Anyway, I was listening to a sermon the other day, and I could not finish because of the presentation. The use of a particular culture’s “agenda” killed the message, and not in a good way. Harping on a secular/any type of sexual/atheistic/liberal/conservative agenda in a way the presents it as a threat turns the members of the target group into an enemy, first by stoking fear, then by demonizing which dehumanizes an entire group. It caricaturizes people making them objects to be fought against rather than fought for. While this method of preaching gets a lot of amens, I’m sitting there wondering, where is Jesus in this? How would He have us engage these groups? How do these menacing portraits of others equip us to reach them with the Gospel, literally, the Good News of Jesus Christ? If we are presenting these people as abstract entities with agendas that threaten our comfortable way of life, how are we going to “Go, therefore, and teach all nations?”

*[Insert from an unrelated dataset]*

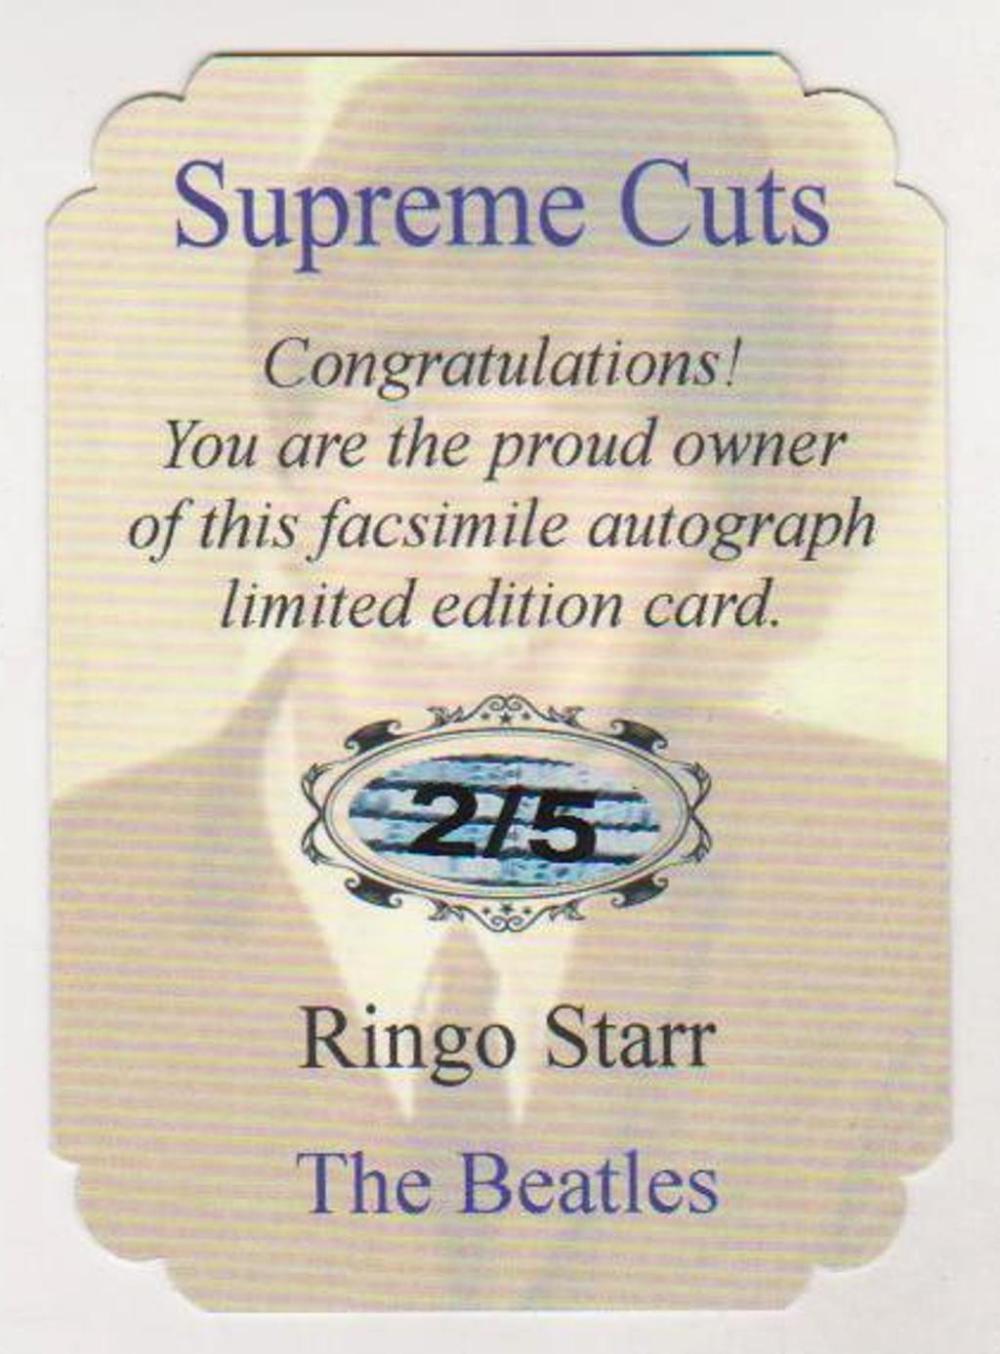 Lot 4: #2/5 Produced - Ringo Starr Facsimile Autograph Special Supreme Cuts Die Cut Limited Edition Card
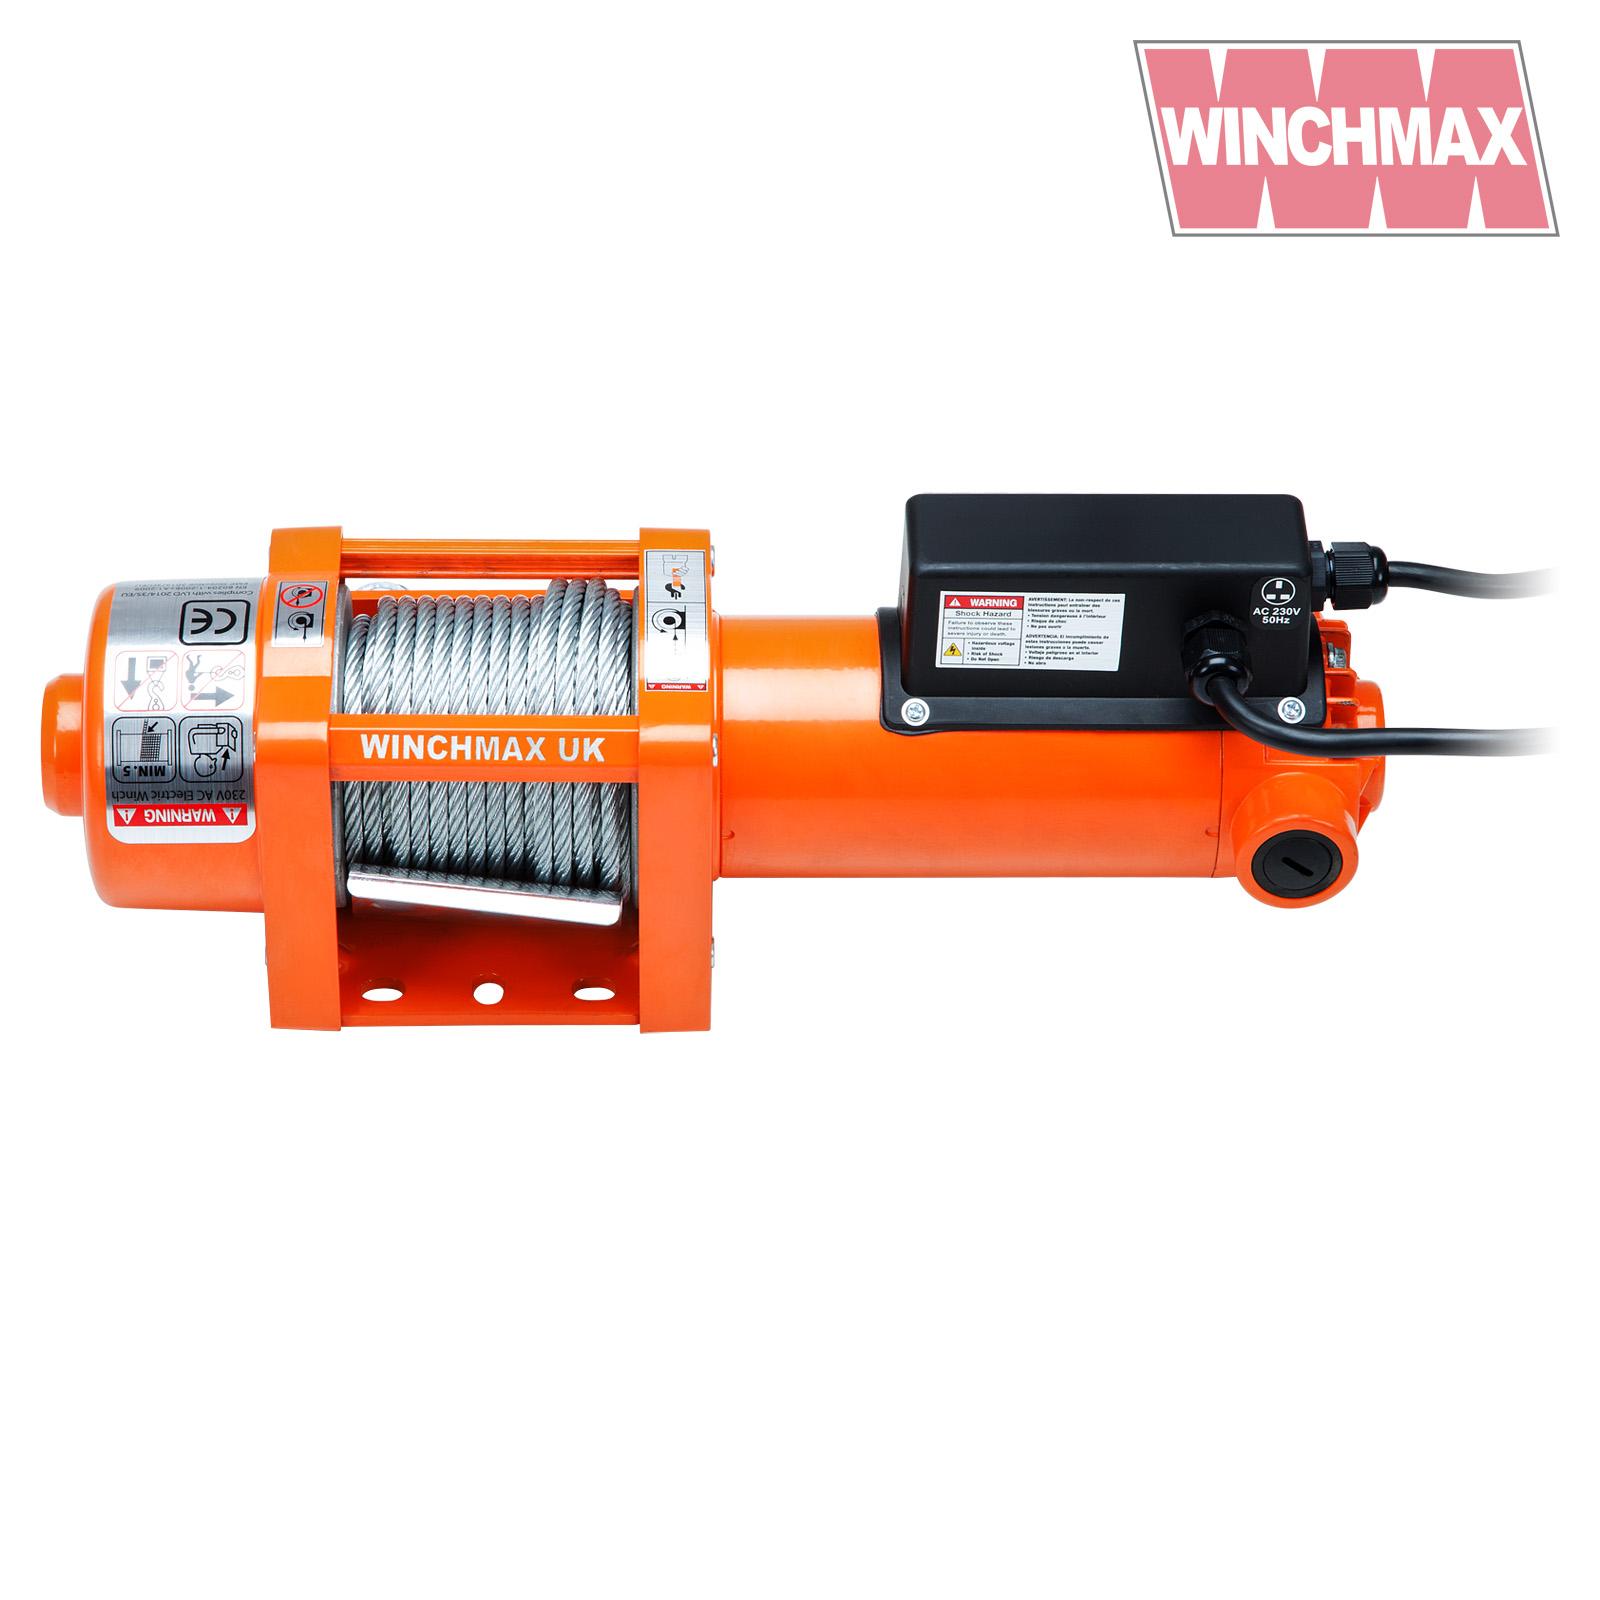 Wmac3000 winchmax 227

Yes, we are to be counter-cultural, but we aren’t counter-cultural when we just want to preserve our way of life and/or we fear God’s wrath. That makes us just as worldly as the rest of the world. Instead, if we are going to truly follow Christ, if we are indeed his disciples, we will be counter-cultural because of our love and kindness to our fellow man – even those who hate us and want to kill us. Because we serve a risen King who has already won the battle. Satan isn’t just at work in the world, he is at work in the church as well. Jesus warned about tares among the wheat. He warned us about laying up treasure on earth rather than treasure in heaven. “Anyone who wants to be first must be the very last, and the servant of all.”